Tue, Jul 28, 2009 - Page 16 News List

Sisters and brothers from different mothers

While much has changed in the past two decades, turning to surrogate parents remains a controversial choice for many couples



With the birth last month of twin girls for Sarah Jessica Parker and Matthew Broderick, surrogate pregnancy once again assumed center stage. After years of infertility following the birth of their son in 2002, the couple chose to have another woman gestate the embryos they created.

Much has changed in surrogacy in the two decades since the high-profile Baby M case, in which the surrogate was the baby’s biological mother and unsuccessfully sought custody after the birth.

The legal proceedings in that case helped affirm the validity of surrogacy contracts in the US, which are now standard. Some states have laws that protect the commissioning parents in surrogate pregnancies. And in a vast majority of surrogate pregnancies today, the surrogate has no genetic link to the baby.

Still, surrogate pregnancy is illegal in some states, including New York, and it remains fraught with controversy despite that thousands of American couples — most of them not celebrities or especially wealthy — are happily bringing up children they could not produce on their own.

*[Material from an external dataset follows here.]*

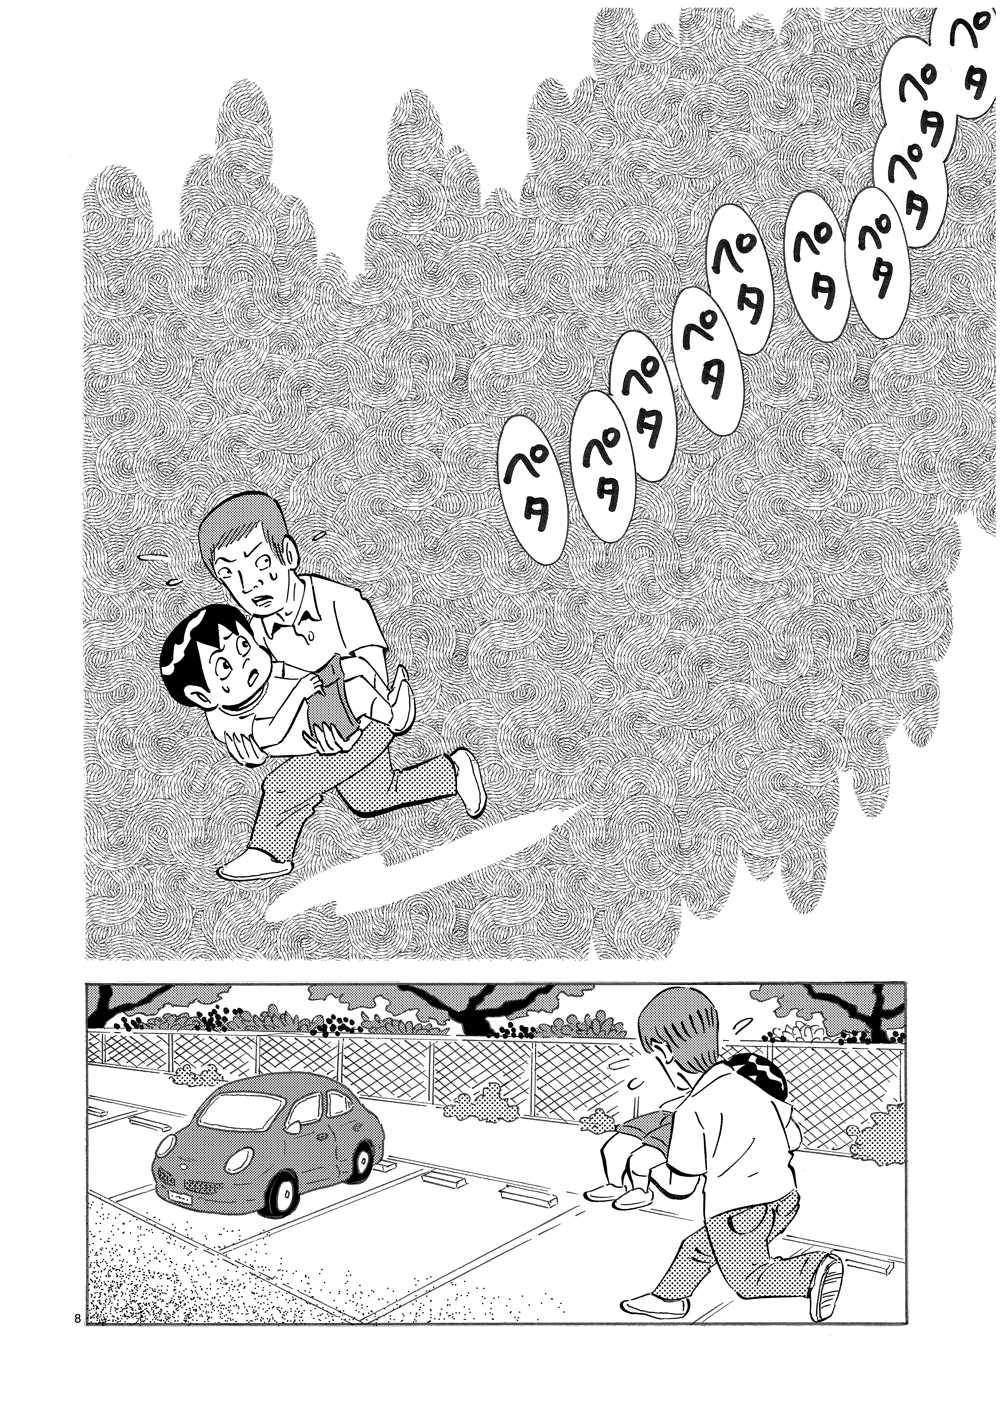 琉球怪談 【第2話】WEB掲載8ページ目画像

Joan Fleischer Thamen and her husband, Frank, of Miami Beach, Florida, are among them. They married when she was 38 and immediately began trying to start a family, “but nothing happened,” she said in an interview. They nearly exhausted their savings with fertility treatments and seven attempts at pregnancy through in vitro fertilization.

“After the seventh failure I was emotionally worn out,” Joan Thamen said. “Then someone told me a friend had found a surrogate through the Internet. That’s how we found Cathy, who said ‘I really want to do this for you.’ We offered her what we thought was a fair amount — US$12,000 — and said we’d hire an attorney to draw up a contract and we’d pay for her medical insurance.”

Three embryos left from the Thamens’ attempts at in vitro were implanted in Cathy’s womb. Ten days later they learned that one was viable. When Cathy was in her fourth month, Thamen discovered to her amazement that she, too, was pregnant and that their due dates were identical.


The Thamens are now the delighted parents of 5-year-old boys, David and Jonathan, born 23 days apart and “being raised as twins cooked in different ovens,” as Thamen says she explained to the boys. Cathy and her husband and son remain good friends with the Thamens; the families visit often and the Thamen boys consider Cathy an aunt.

Surrogate pregnancies don’t always blossom into lasting friendships, of course, and many people consider the process repugnant. It has been called a violation of natural law, a form of prostitution or baby selling, an exploitation of poor women, and a privilege of the rich and famous who may not want to disrupt their careers or their figures by giving birth to their own children.

Reputable agencies and lawyers who specialize in surrogacy guard against the exploitation of women who serve as surrogates and against spurious reasons for seeking a surrogate pregnancy. In virtually every case they process, the intended parents, like the Thamens, cannot produce their own children, yet want children biologically related to them or choose not to wait the years it can take to adopt.

People may choose to have a gestational carrier bear their children if the woman lacks a uterus or has a malformed uterus; must take medication incompatible with pregnancy; or has had repeated miscarriages or failures at in vitro pregnancies. Or, in the case of a male couple or single male, if there is no woman involved.